Emeklilerin toplumsal sorunlardan uzak kalamayacağını ve toplumun en yakıcı sorununun eğitim olduğunu belirten Emekli Sen Şube Başkanı Sarıcan; “DİSK Emekli Sen olarak özellikle sendikalaşma ve emeklilerin tek bir çatı altında toplanarak birlikte mücadele konusunda çalışmalarımız devam ediyor. Ancak Emekli Sen olarak sadece emeklilerin sorunları ile değil, çocuklarımızın, gençlerimizin ve ülkemizin geleceği ile toplumsal sorunlar içinde mücadele veriyoruz. Şu anda da önümüze çok yakıcı bir eğitim sorunu var. Çocuklarımıza, gençlerimize verilen gerici bir müfredat programı var. Bu programda ne yazık ki bizlerin özlemini duyduğumuz aydınlanmacı, laik, öğretici ve geleceğe dönük bir program yok. Bu ülkenin geleceği çocuklar ve gençlerdir. Çocukların iyi ve doğru eğitim alması bu ülkenin geleceğinin çok daha parlak olması demektir. Bunun için Esenler Mahalle Meclisi’nde birlikte çalıştığımız Emekli Sen üyelerimiz çocuklarımız ve gençlerimizle vakit geçirmekteler. Ben DİSK emekli Sen üyesiyim ancak laik ve bilimsel eğitimi savunuyorum. ‘Siz emeklisiniz eğitimle neden ilgileniyorsunuz?’ Şeklinde soranlar oluyor. Bu bir ülke sorunu ve biz ülkede olan her sorunla ilgiliyiz. Bu ülkenin vatandaşıyız ve burada yaşıyoruz. Hiçbir sorundan bağımsız hareket edemeyiz. Eğer neoliberal politikalar sağlığımızı elimizden alıyorsa, eğitimi elimizden alıyorsa bunlara karşı olmalıyız. Biz, sadece emeklerin maaşıyla uğraşacak kadar duyarsız olmayız. Çocuklarımız bu ülkenin geleceği ve daha iyi bir ülkede yaşamak için çocuklarımız i ilgili olmalıyız” dedi.  
 
“Eğitim hep birlikte yapılırsa başarılı olur”

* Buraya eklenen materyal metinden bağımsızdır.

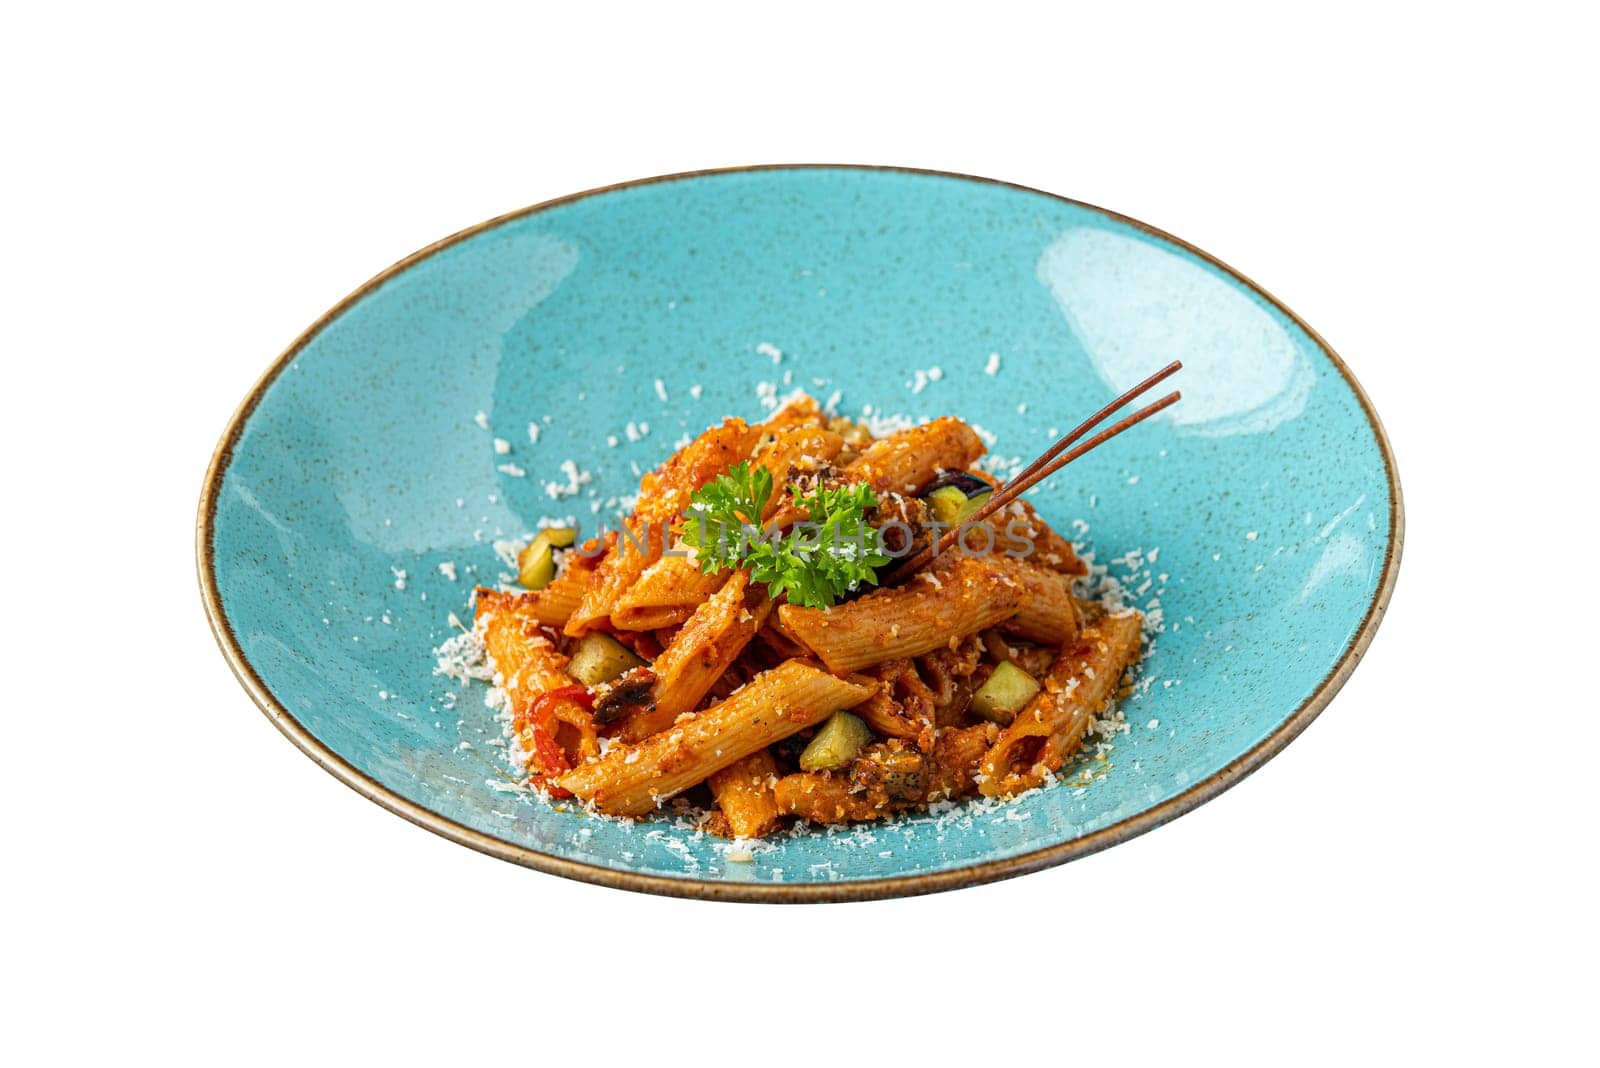 Penne pasta in tomato sauce, tomatoes decorated with parsley on a white background

Eğitim ancak hep birlikte yapılarak bir yere varabileceğini ifade eden Proje Sorumlusu ve Esenler Mahalle Meclisi Eğitim gönüllüsü Kezban Buldu, eğitimin yalnızca okul ve aile içinde verilemeyeceğini belirterek; “‘Çocuklarını Unutamayanlar’ projesini Aynur Kütüklü arkadaşımız ile birlikte yürütüyoruz. Eğitimin sadece okul yada aile sınırları içerisinde olmadığını biliyoruz. Eğitim yaşın her anında, her dakikasından olması gereken bir şey. Buradan yola çıkarak okul çıkışlarında bütün günlerini sokakta geçiren çocuklarımız ile birlikte bir etkinlik yapmaya karar verdik. Çocuklar ile grup oyunları, müzik çalışması, kitap okuma etkinlikleri yapıyoruz. Eğitimin hep birlikte gerçekleştirilerek bir yere varacağını düşünüyoruz. Çocukların kendi hayatları ile ilgili düşünce tasarımını geliştirmesi ve yaratıcılıklarına değer verdiğimiz zaman, gözlemlerine değer verdiğimiz zaman çocukların kendi hayatları ile ilgili tasarı yapabileceklerine inandığımız için bu projeyi yürütüyoruz. Çocuklarımızı üreterek eğitime teşvik etmeye çalışıyoruz. Çünkü eğitim ile üreticiliği birleştirdiğimiz zaman yaşamda zaman verimli kılınabilir. Örneğin oyuncak üretme çalışmasını yaptık. Çocuklar ile bu kadar verimli çalıştığımız zaman çocuklarımız fikir üretebilirler.  Bu, aynı zamanda tek aşına yapılabilecek bir çalışma değil. Bir bütün olarak ortak bir çalışması yapıyoruz. Veli, mahalle meclisi, katılımcılar, destekçiler, çocuklar olarak hep beraber ortak bir çalışmayı yapıyoruz” dedi.
  
“Çocuklarımızın bilimsel, demokratik ve laik eğitim almasını istiyoruz”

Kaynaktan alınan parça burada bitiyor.